On the basis of steps 1, 2 and 3, we defined a cost model to provide clarity at individual patient level and at the level of the entire diagnosis group. Namely: cost of care route = staff costs + (% cost of mammography + % cost of MRI + % cost of echo + % cost of PET scan + % cost of bone scan…) + cost of materials + overheads + debt servicing charges.

mammografie

Outcome

Consensus and decision-making

The model proved a valuable means for achieving consensus on combining the two effective care routes of both hospitals. By understanding what impact certain steps in the care route had on costs, it was easier to take well-founded decisions. For instance, it turned out that it would not cost much more per year to perform both cytology and histology, while it would have a lot of added value for patients. And many care professionals suddenly understood what effect performing a PET scan has on the cost of a healthcare product. As this unnecessarily drove up costs in some cases, specific rules were laid down for exactly which indications merit performing a PET scan.

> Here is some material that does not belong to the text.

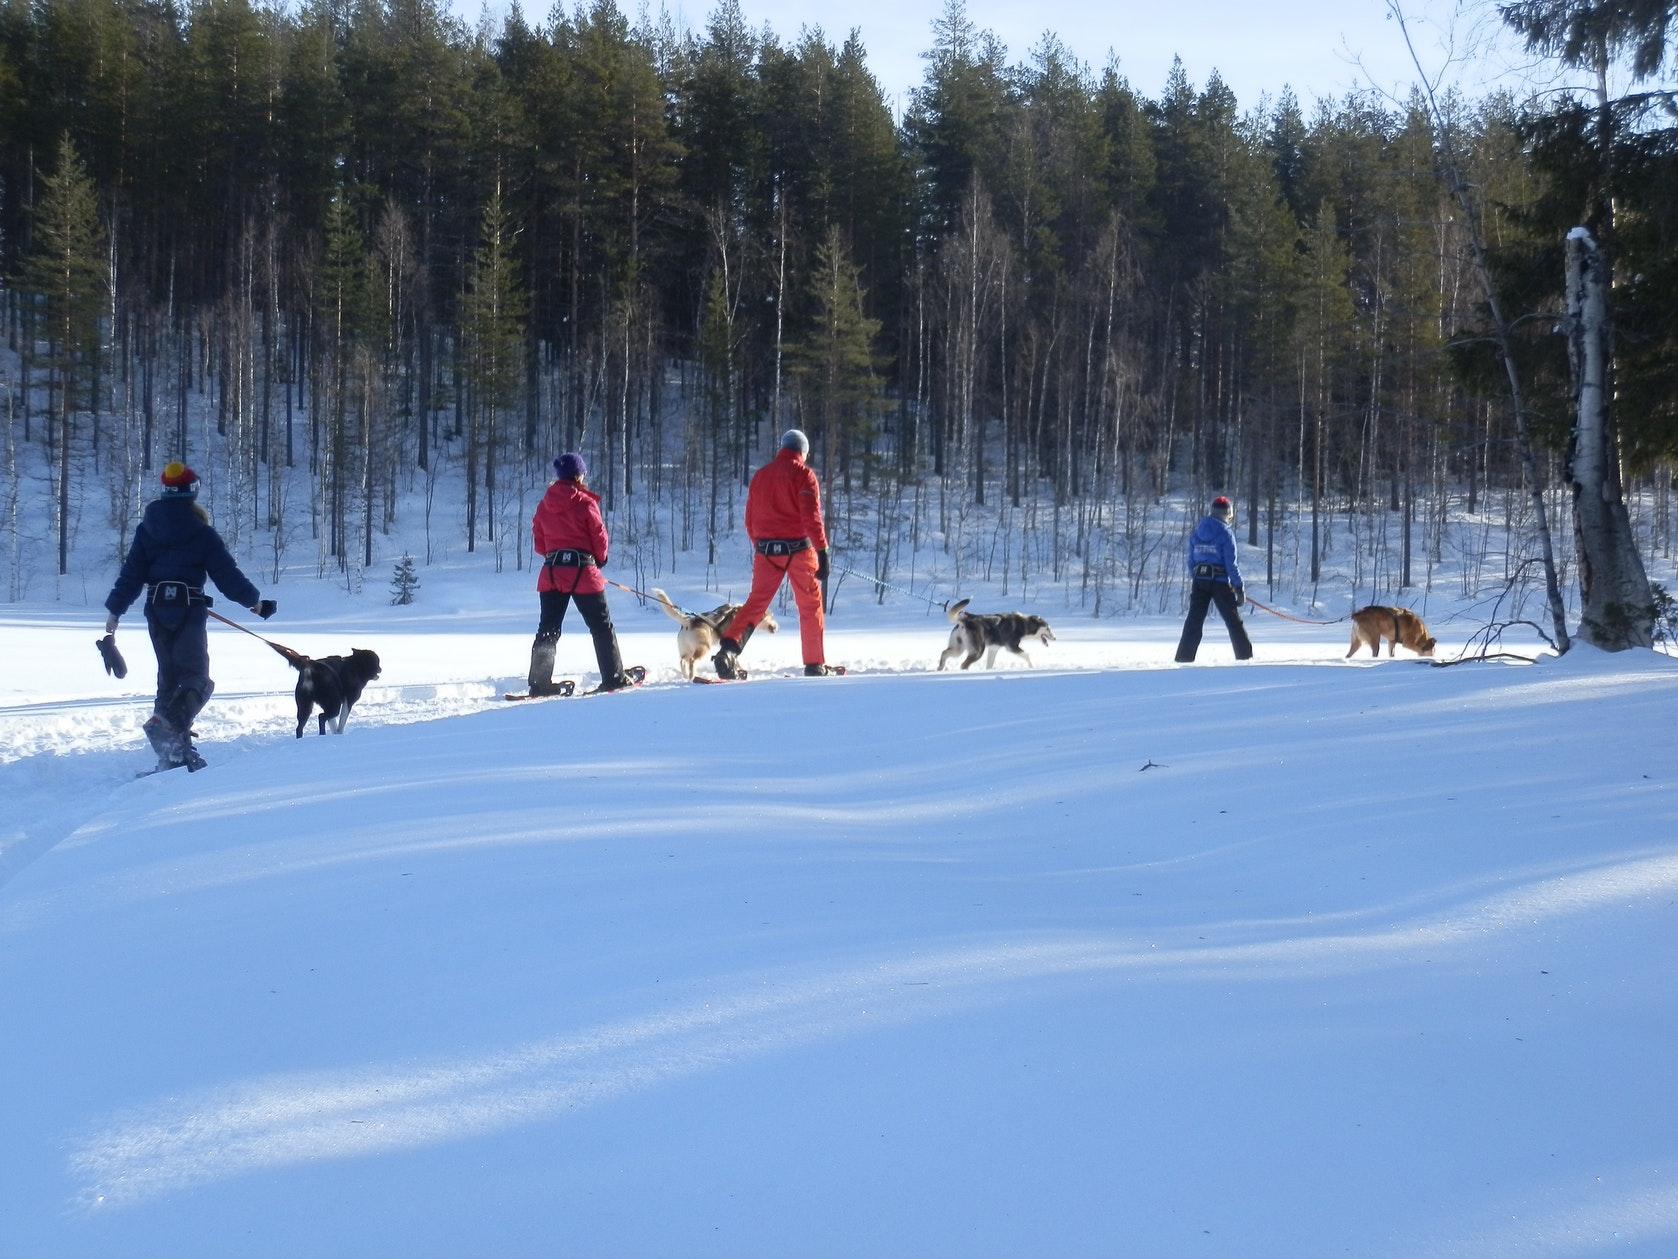 wintertour_huskysnowshoewalk_1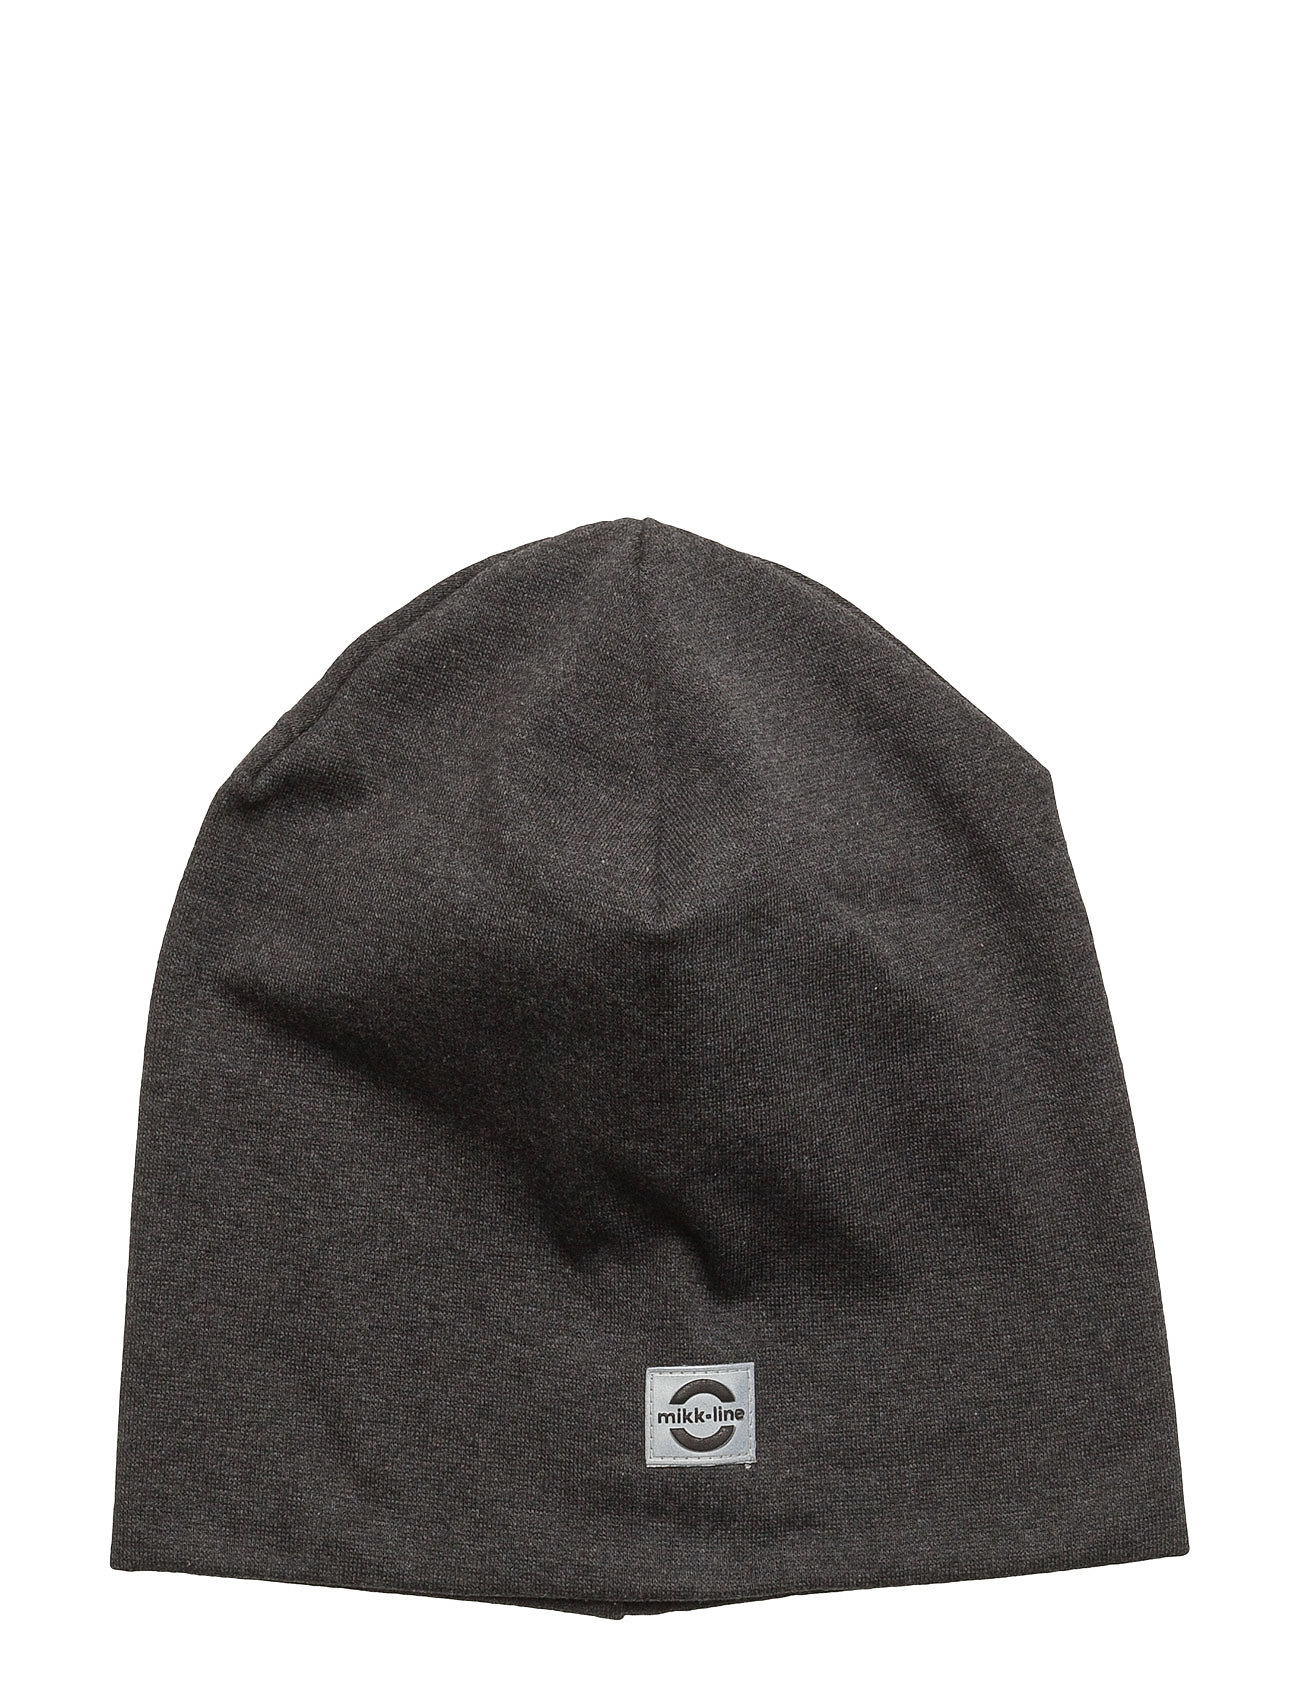 Image of Cotton Hat - Solid Accessories Headwear Hats Grå Mikk-Line (3406127937)

Optimal planning and use of polyclinic and operation capacity

The model showed the division in healthcare that patients receive after their first visit to the polyclinic. There was now an accurate account of the quantity of diagnostics in the form of radiological and pathological examination. Now it was also clear that, for instance, 25 per cent of new patients required surgery, 85 per cent of which had a case of breast cancer. In 25 per cent of the cases, the patient was relieved to find out after only their first visit that the case was benign. This is important information, required for the optimal planning and use of polyclinic and operation capacity. That makes it a key means of keeping admission and waiting times down.

Clear and realistic information and tool

The model provides detailed information on costs at individual patient level. This can be compared with the product price, i.e. what the hospital receives from the health insurer for that healthcare product. This gives you a powerful tool for controlling costs. Analysis of the bleeders, the patients who cost more than they bring in, provides useful information on the organization’s potential for improvement.

Another discussion in setting up the new mamma-oncology care route concerned the consequences of making greater use of physician assistants or medical specialists to replace the surgeon. In which parts of the process steps can this be done, and what effect does this have on costs? The current model provides this information too.

Finally, the model appeared to contribute to an internal check on the cost price used by the hospital. These cost prices are often computed on the basis of cross-disciplinary data sets, which meant in some cases they were significantly underestimated compared with the actual cost.

Result

A new high-quality care route in four months

In the space of four months, we managed to combine two breast cancer care routes to create one new care route for both hospitals. The TDABC model provides us with the numbers, which laid the foundation for reaching consensus on a number of difficult steps in the care process. In addition, staff could be efficiently assigned, and a useful tool was developed for process optimization. The result: the best quality for patients for the lowest price possible.